The Gift is the surprisingly deep horror flick of 2015

Perhaps the single most harrowing movie I’ve seen this year, The Gift explores themes of relationships, revenge, and loss of innocence.

Directed by Joel Edgerton and released in 2015, the film follows the lives of newly married couple Simon (Jason Bateman) and Robyn Callum (Rebecca Hall). The film starts off with a relatively mundane plot line, featuring the couple moving into a neighbourhood familiar from Simon’s childhood. The couple, while shopping, meets Gordon “Gordo” Mosley (Joel Edgerton), an old high school classmate of Simon’s.

After having dinner with Gordo at their new home, the Callums seem divided with their reception of Gordo’s presence. Robyn, the innocent and ignorant housewife, acknowledges Gordo’s strangeness but genuinely feels that he is a good guy. Simon, who throughout the whole dinner seemed uncomfortable as Gordo dug up forgotten tales of their high school days, belittles Gordo as much as he can to his wife after Gordo leaves.

Gordo drops off a series of gifts at the Callum’s residence, ultimately endearing himself to Robyn who truly believes that he’s a good guy. He buys them gifts, which includes koi for their pond, only for the koi to be found dead a couple of weeks later. Bojangles, the couple’s dog, mysteriously disappears after Simon confronts Gordo and physically assaults him in an attempt to stop disturbing the peace in his home. Amidst all this, Robyn has fallen pregnant (she’s had trouble conceiving in the past, so this pregnancy comes as a shocker to her). Her pregnancy adds more melodrama to the already darkening plot.

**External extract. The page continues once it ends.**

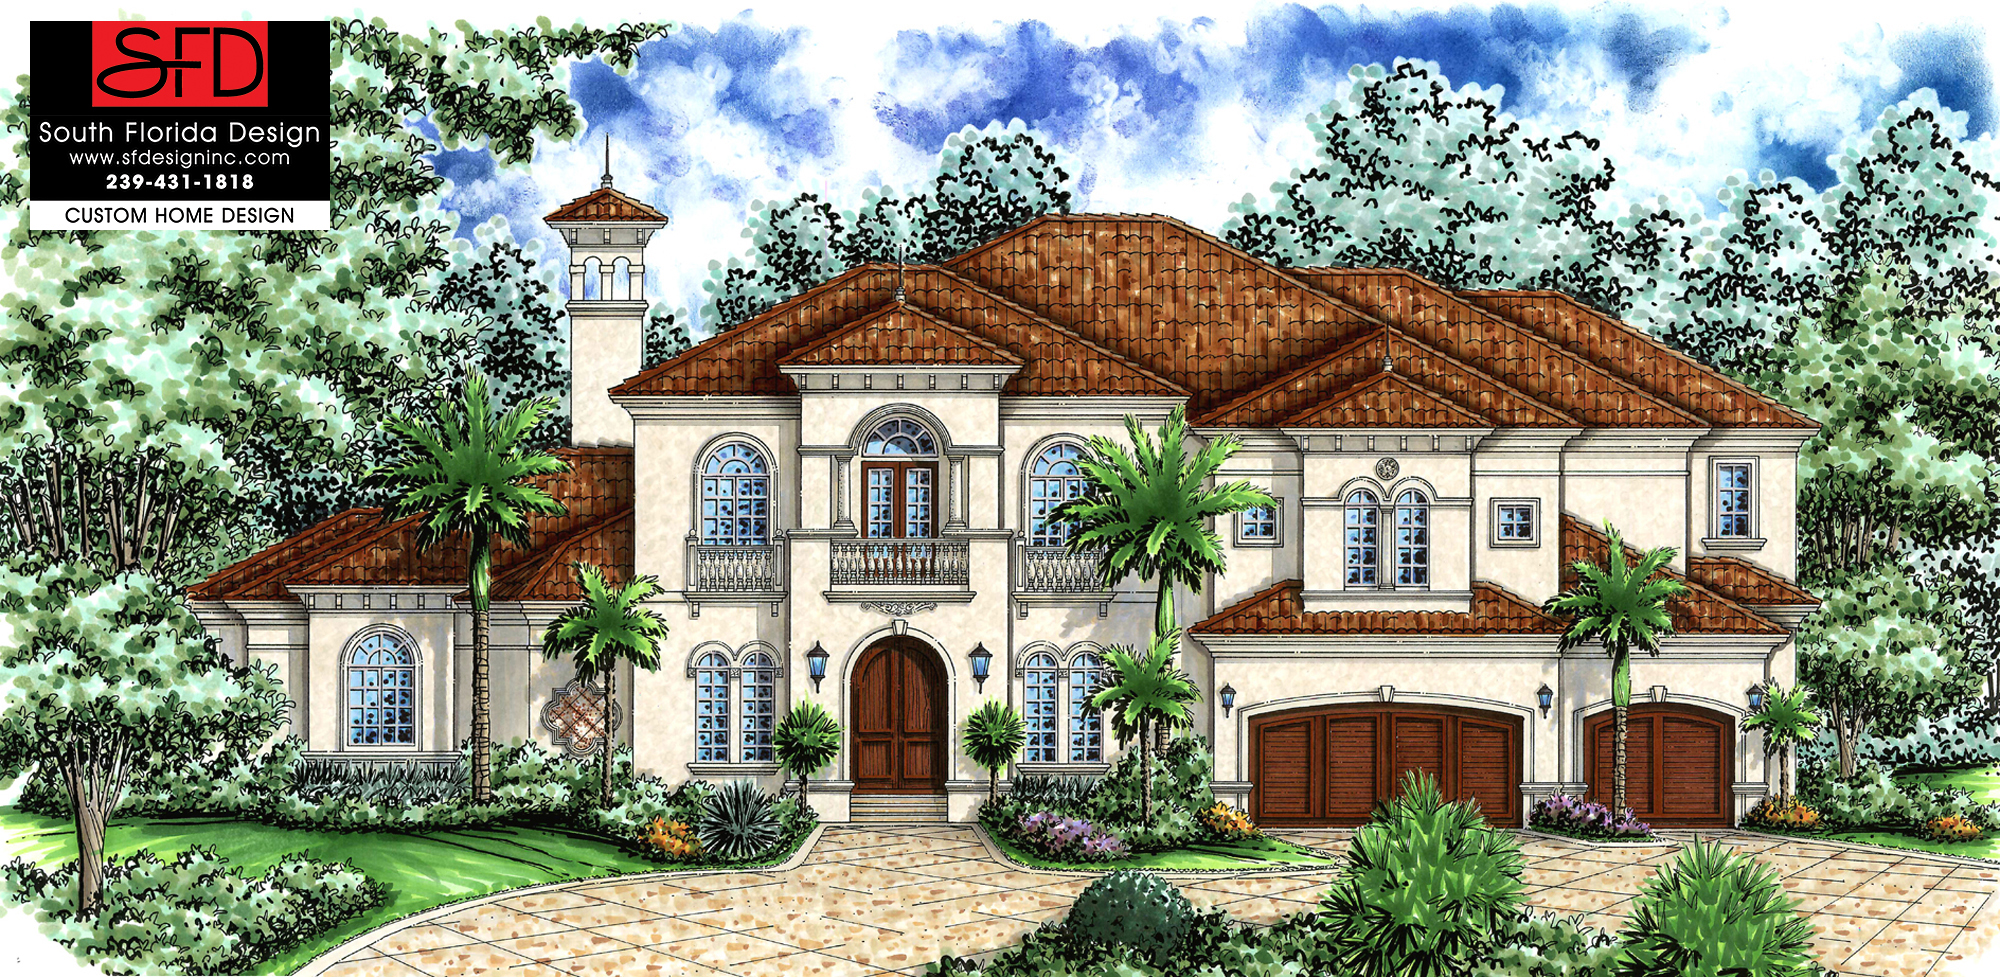 Color front elevation rendering of a 2-story 5,333sf luxury European house plan

TheGift-2Caught up in a web of revenge and hatred, Simon’s inability to be contrite for his past wrongdoings and Gordo’s persistent attempts to rekindle a past relationship that is better kept buried, leads the pair to end up questionably worse off in the end, than when the movie started. The ultimate scapegoat in the movie reveals itself to be Robyn, who is completely ignorant of the sinister secrets floating around her, and it is she that suffers the unmitigated effects of Simon and Gordo’s rivalry.

The Gift is special in the sense that it starts of with clear expectations for the viewer: Simon is a personable character that the audience immediately identifies with. He’s successful and smart, and he seems to be the kind of guy that you’d want to have a beer with over the weekend. Gordo, by comparison, is socially inept, and crass – not exactly someone who you picture enjoying a stimulating conversation with.

However, as the film rolls along, a series of events will cause the audience to question their preconceived notions of each character, leading to a surprising twist. Oddly enough, the film seems to have no clear hero, since both Simon and Gordo seem better suited the role of the antihero.

The Gift, similar to the themes of The Prestige, leads one to arrive at certain questions. What lengths must one go through to exact revenge? Is exacting revenge, and deriving what little gratification that revenge offers, worth the ruin of many lives in the process?